Hash argues that the corporate secrecy surrounding smart meters, which discourages ethical security researchers such as himself from probing the devices for vulnerabilities, makes the public significantly less safe.

With malicious hackers breaching everything from fuel pipelines to water treatment facilities, Hash fears a day when smart meters become the next piece of critical infrastructure to be targeted by brazen ransomware gangs.

“I think people expect companies to do the right thing but forget the right thing to them is shareholder value,” Hash said. “If we want a secure system that’s resilient against attack then it must be openly attacked, otherwise nothing will be done.”

Landis+Gyr, the company which designed the smart meters used by Austin Energy, Oncor, and countless other power providers across the globe, did not respond to repeated inquiries from the Daily Dot.

Hash is now encouraging his fellow hardware hackers to take an interest in smart meters as well, publishing a wiki online that details how his discoveries were made.

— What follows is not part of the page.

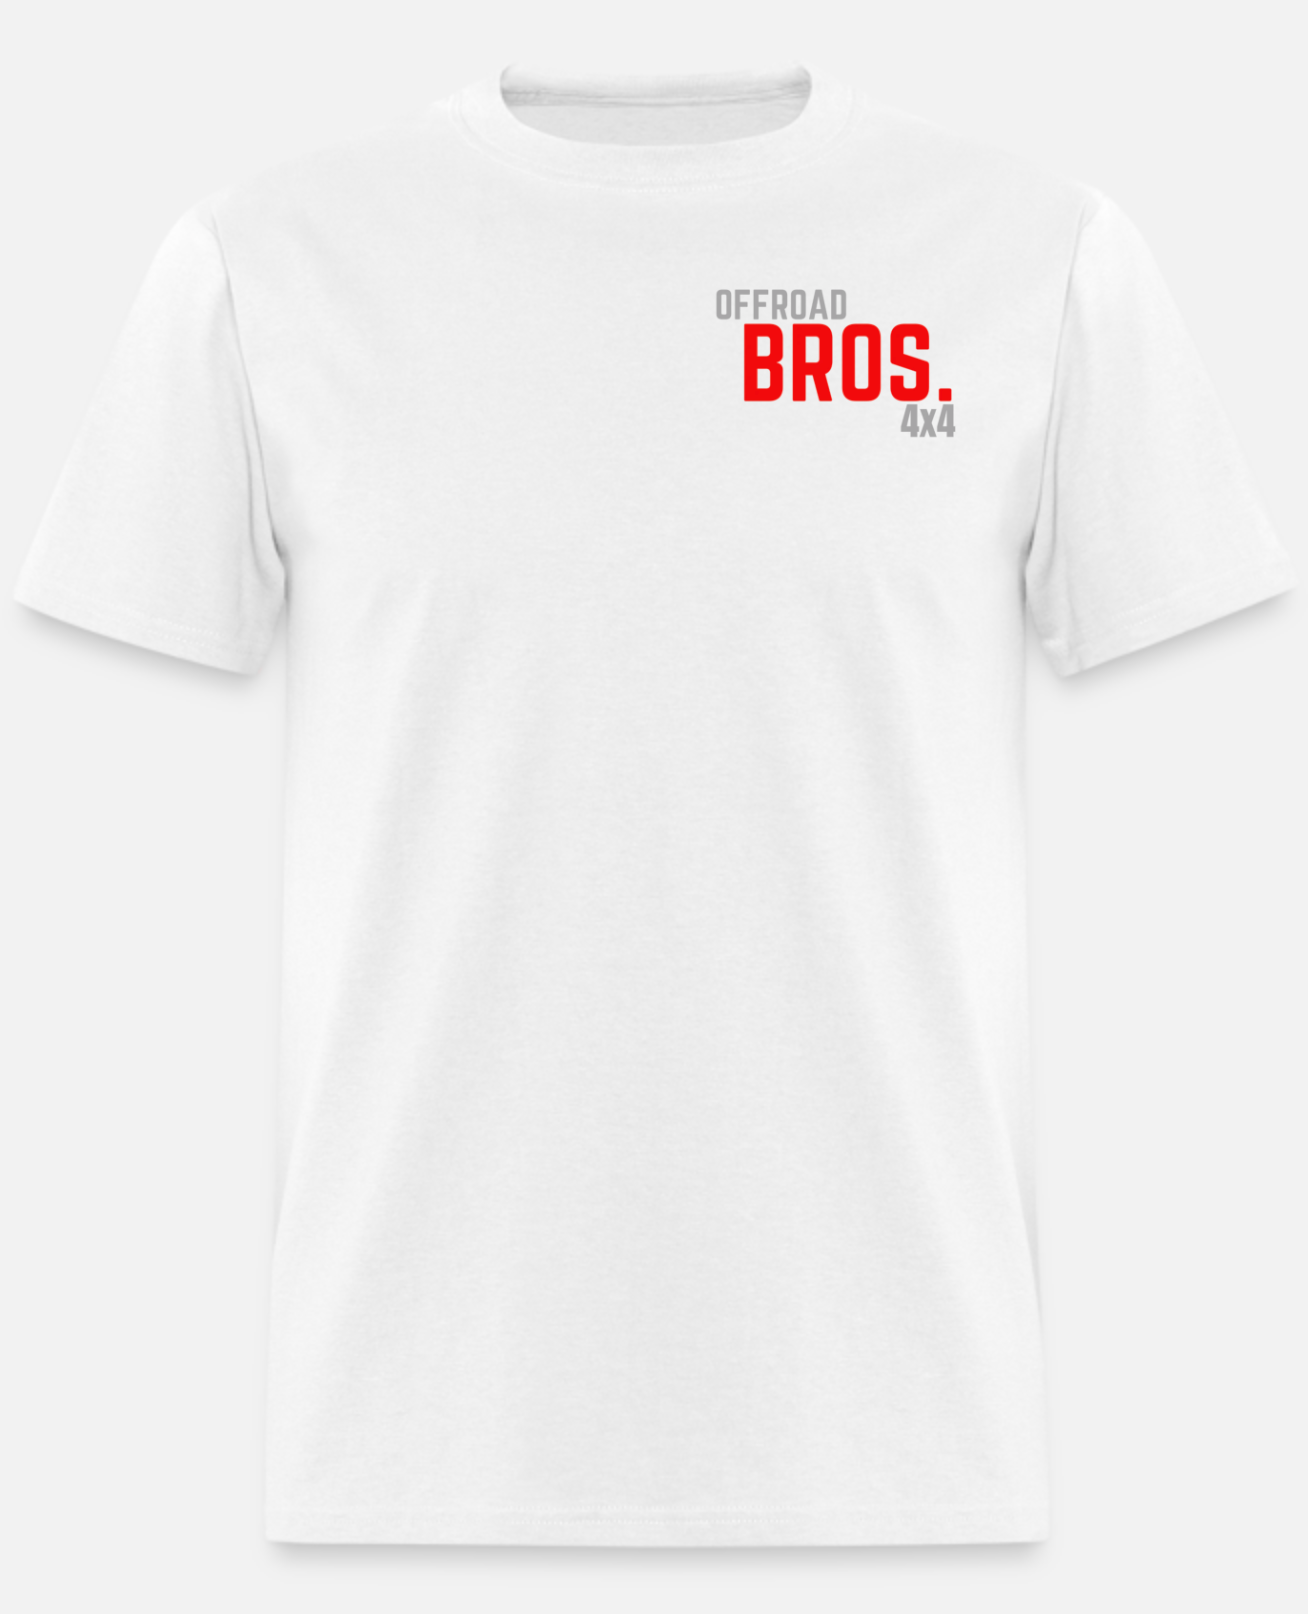 WHITE T-SHIRT #1 BY OFFROAD BROS. 4X4

And although power companies are remaining tight-lipped, Hash says he is increasingly being contacted by both former and current power company employees regarding his analysis.

Continuing his work, Hash is now analyzing the smart meter mechanism responsible for remotely disconnecting a home’s power. If vulnerable, Hash warns, such a discovery in the wrong hands could potentially lead to devastating outcomes similar to those seen during the snowstorm.